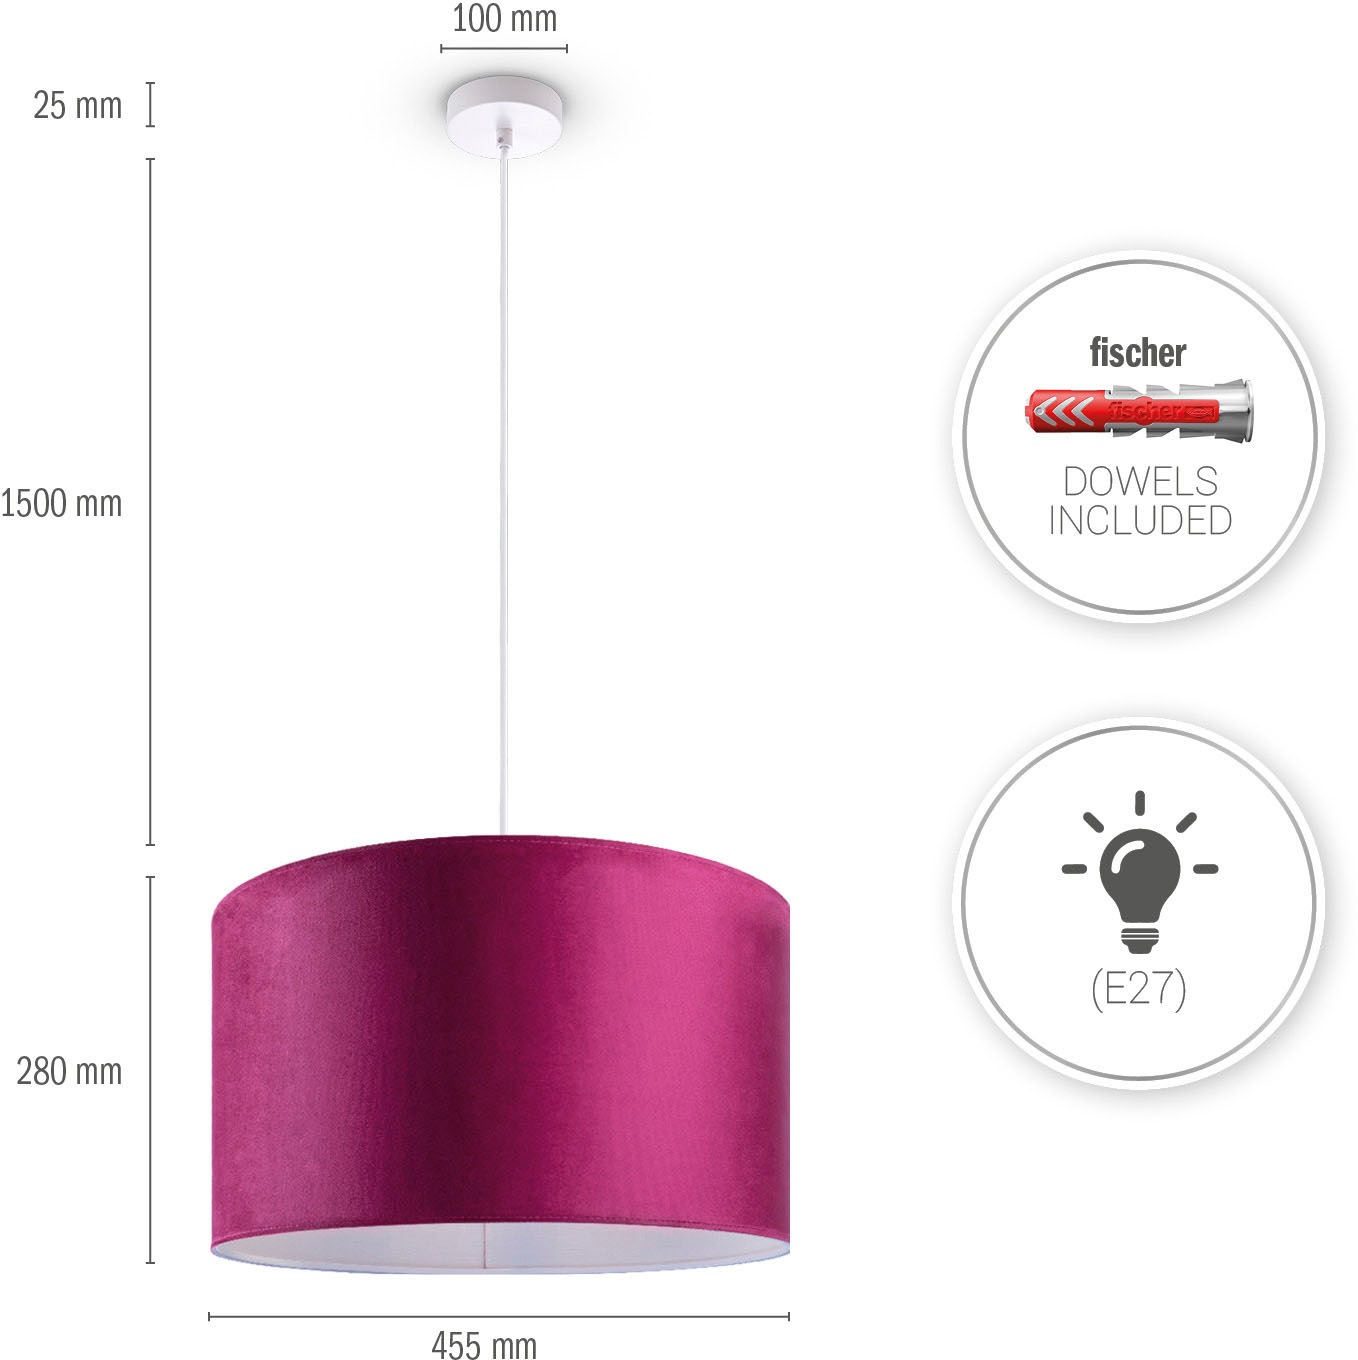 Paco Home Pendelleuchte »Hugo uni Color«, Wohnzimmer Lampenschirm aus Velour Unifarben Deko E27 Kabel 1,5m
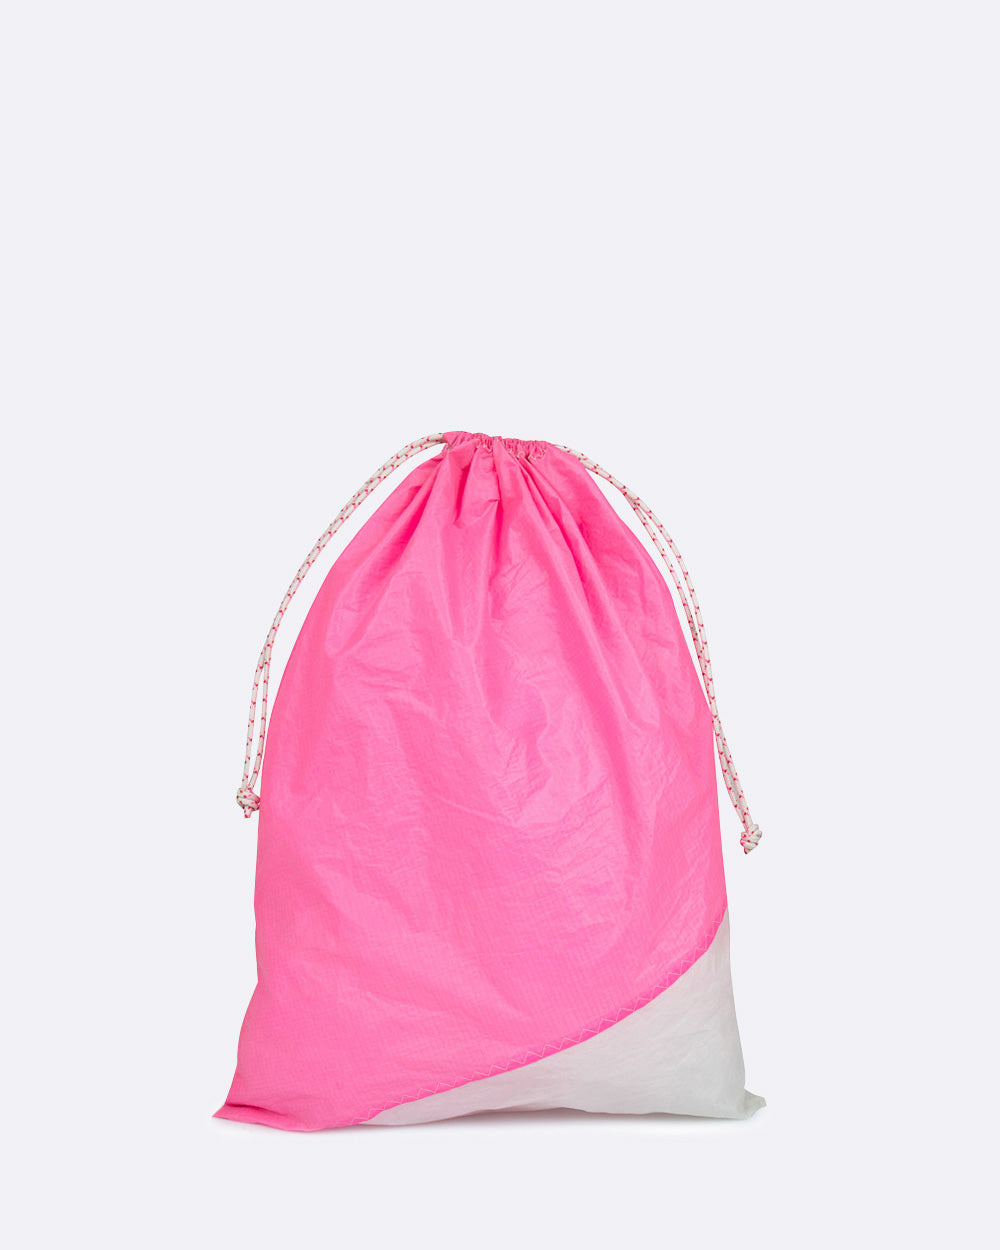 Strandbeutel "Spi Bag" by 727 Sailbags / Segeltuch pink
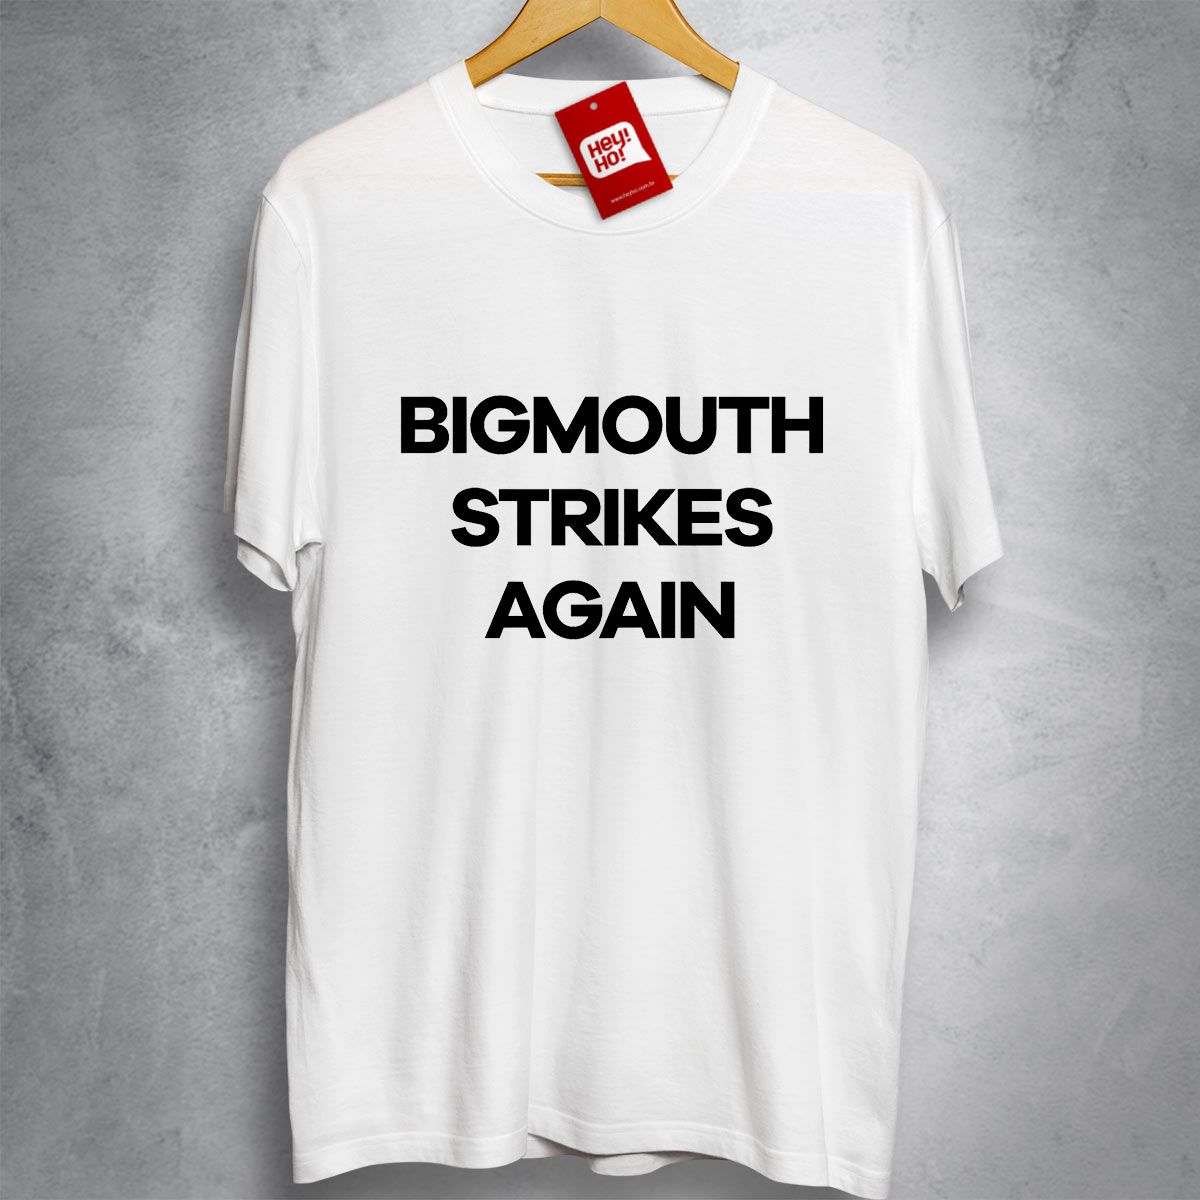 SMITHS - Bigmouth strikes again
+-------+
WHAT YOU HAVE TO DO »
Print the whole listing again exactly, please. No pictures.

RESPONSE TO THE EXERCISE »
 Paco Home Pendelleuchte »Hugo uni Color«, Wohnzimmer Lampenschirm aus Velour Unifarben Deko E27 Kabel 1,5m
 Strandbeutel "Spi Bag" by 727 Sailbags / Segeltuch pink
 SMITHS - Bigmouth strikes again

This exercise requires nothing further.